## ACTION ITEM
The line with "Tischplatte Wildeiche oval" marks where to begin; print it and all lines after it in the material below exactly, skipping pictures.

## THE DATA

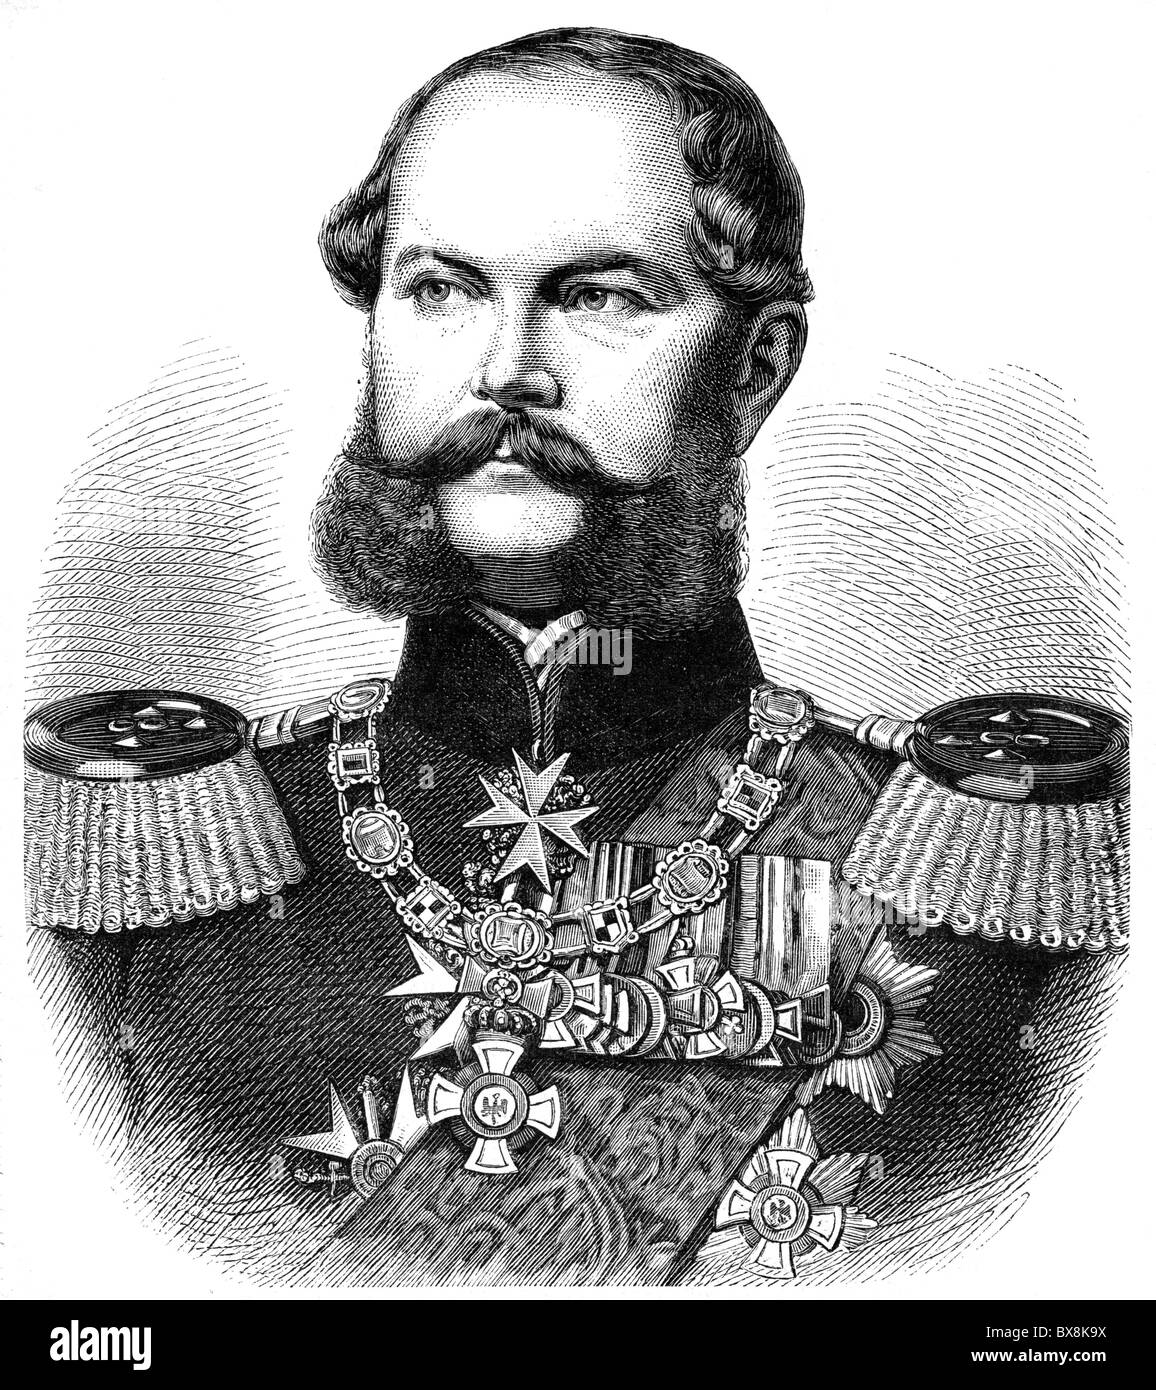 Carlo, 29.6.1801 - 21.1.1883, Principe di Prussia, generale prussiano, ritratto, incisione in legno, 19th secolo, Foto Stock
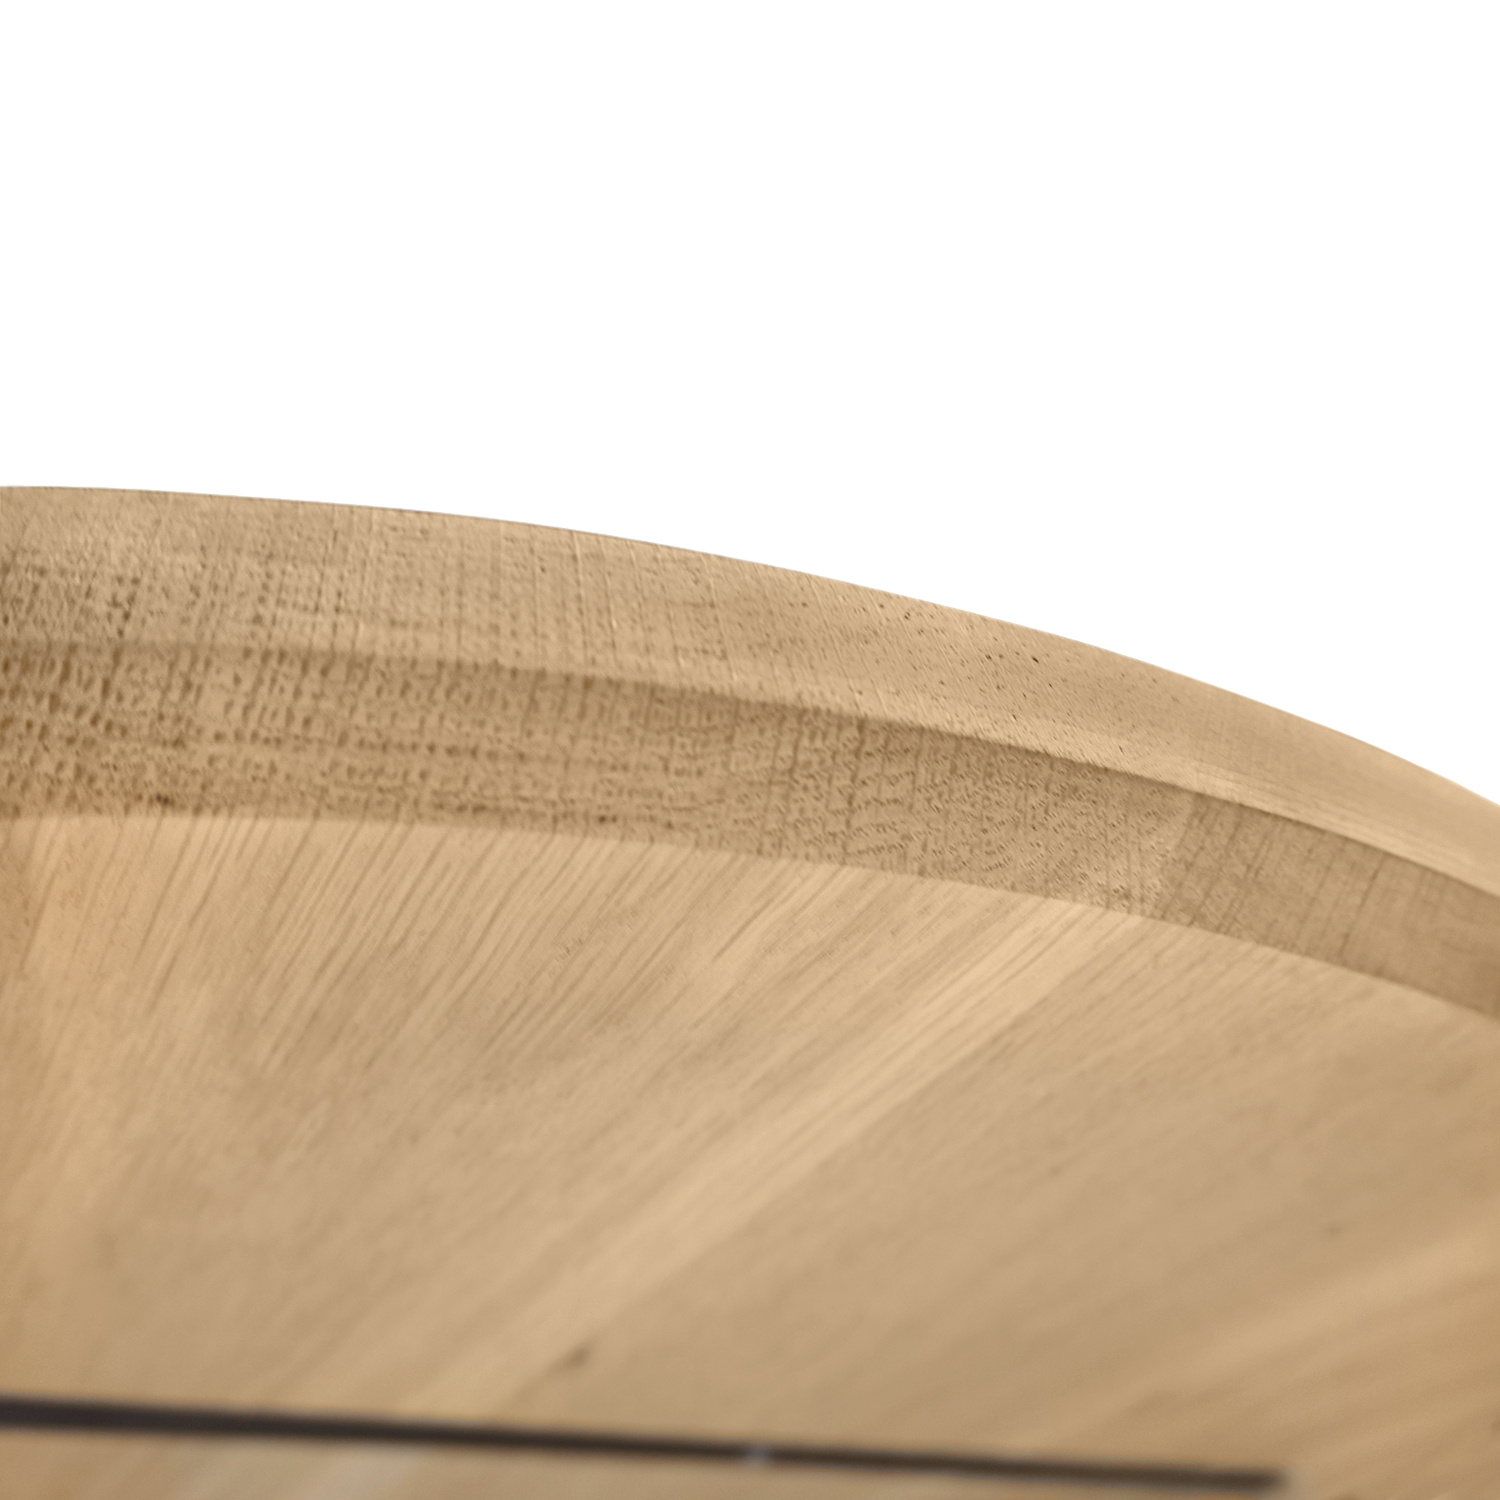  Tischplatte Wildeiche oval - 3 cm dick (1-Schicht) - XXL Lamellen (14-20 cm breit) - Asteiche (rustikal) - Tischplatte ovale / ellipse Eiche - verleimt & künstlich getrocknet (HF 8-12%) - verschiedene Größen
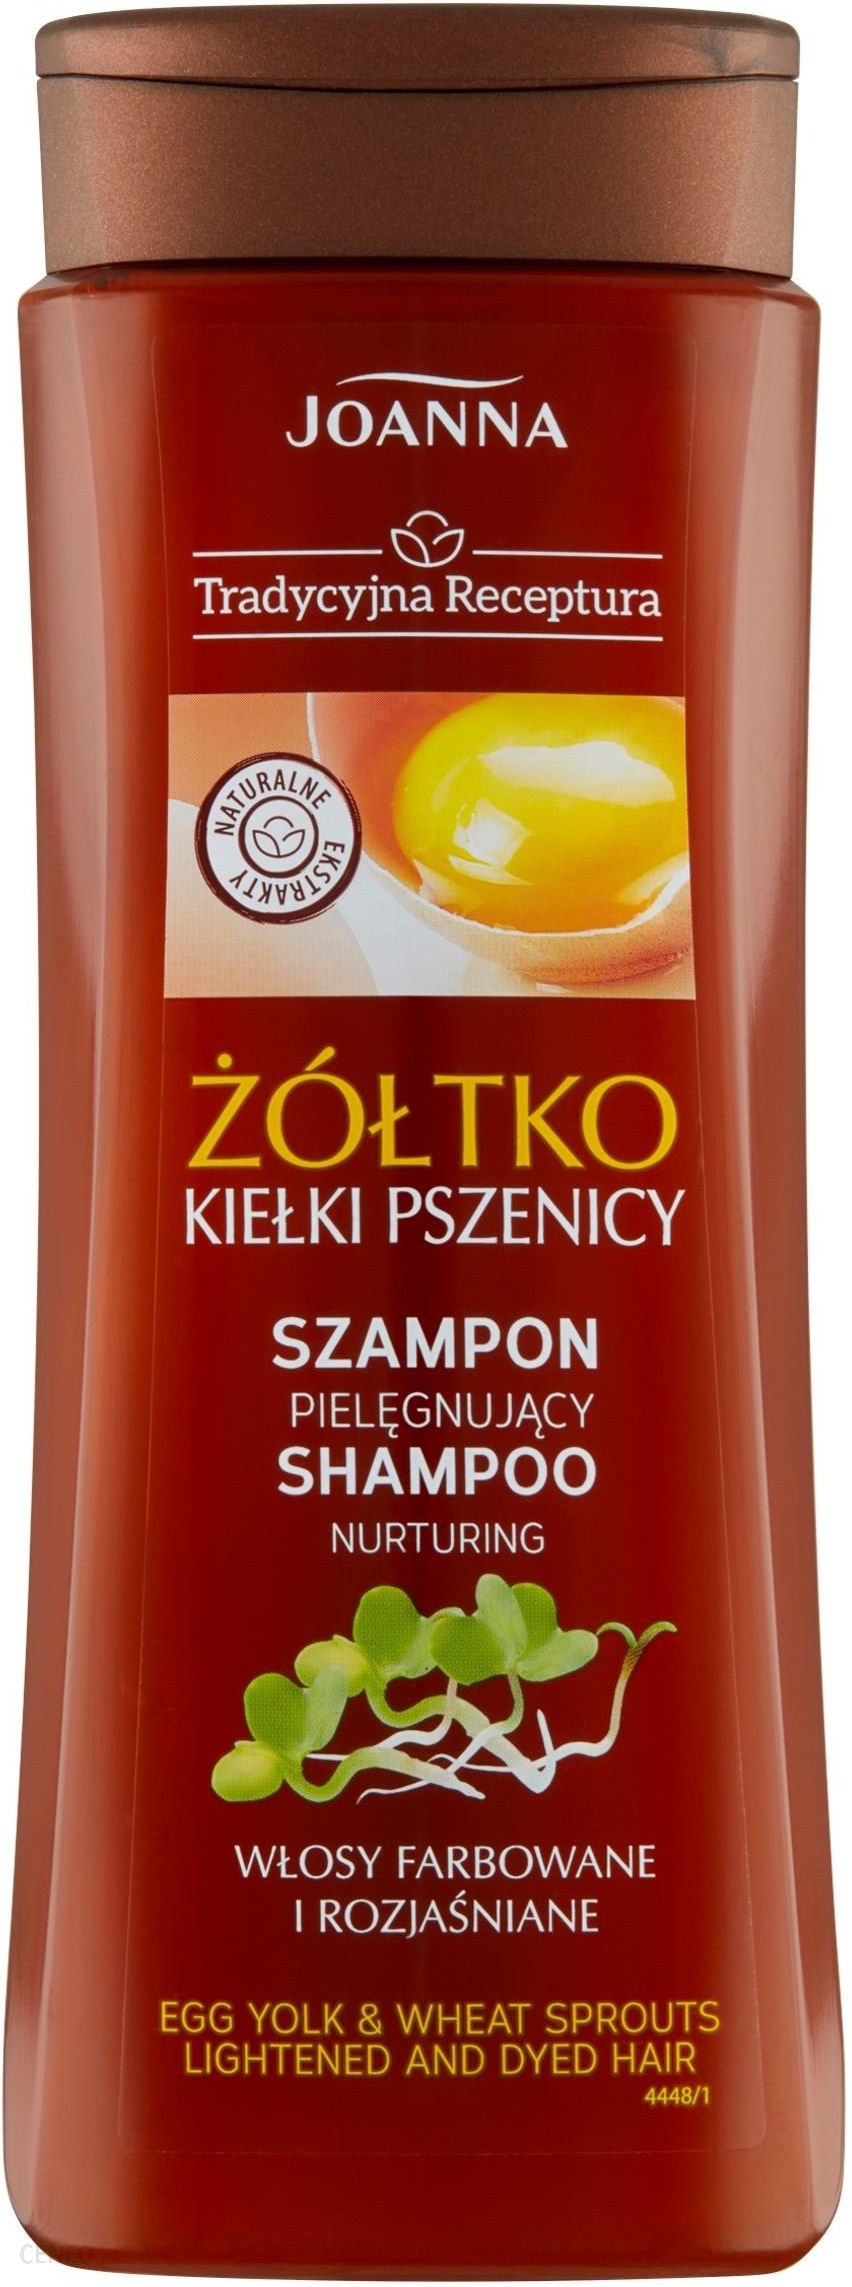 joanna tradycyjna receptura szampon odżywka do włosów 300 g

## RESPONSE TO THIS EXERCISE
  Tischplatte Wildeiche oval - 3 cm dick (1-Schicht) - XXL Lamellen (14-20 cm breit) - Asteiche (rustikal) - Tischplatte ovale / ellipse Eiche - verleimt & künstlich getrocknet (HF 8-12%) - verschiedene Größen
 joanna tradycyjna receptura szampon odżywka do włosów 300 g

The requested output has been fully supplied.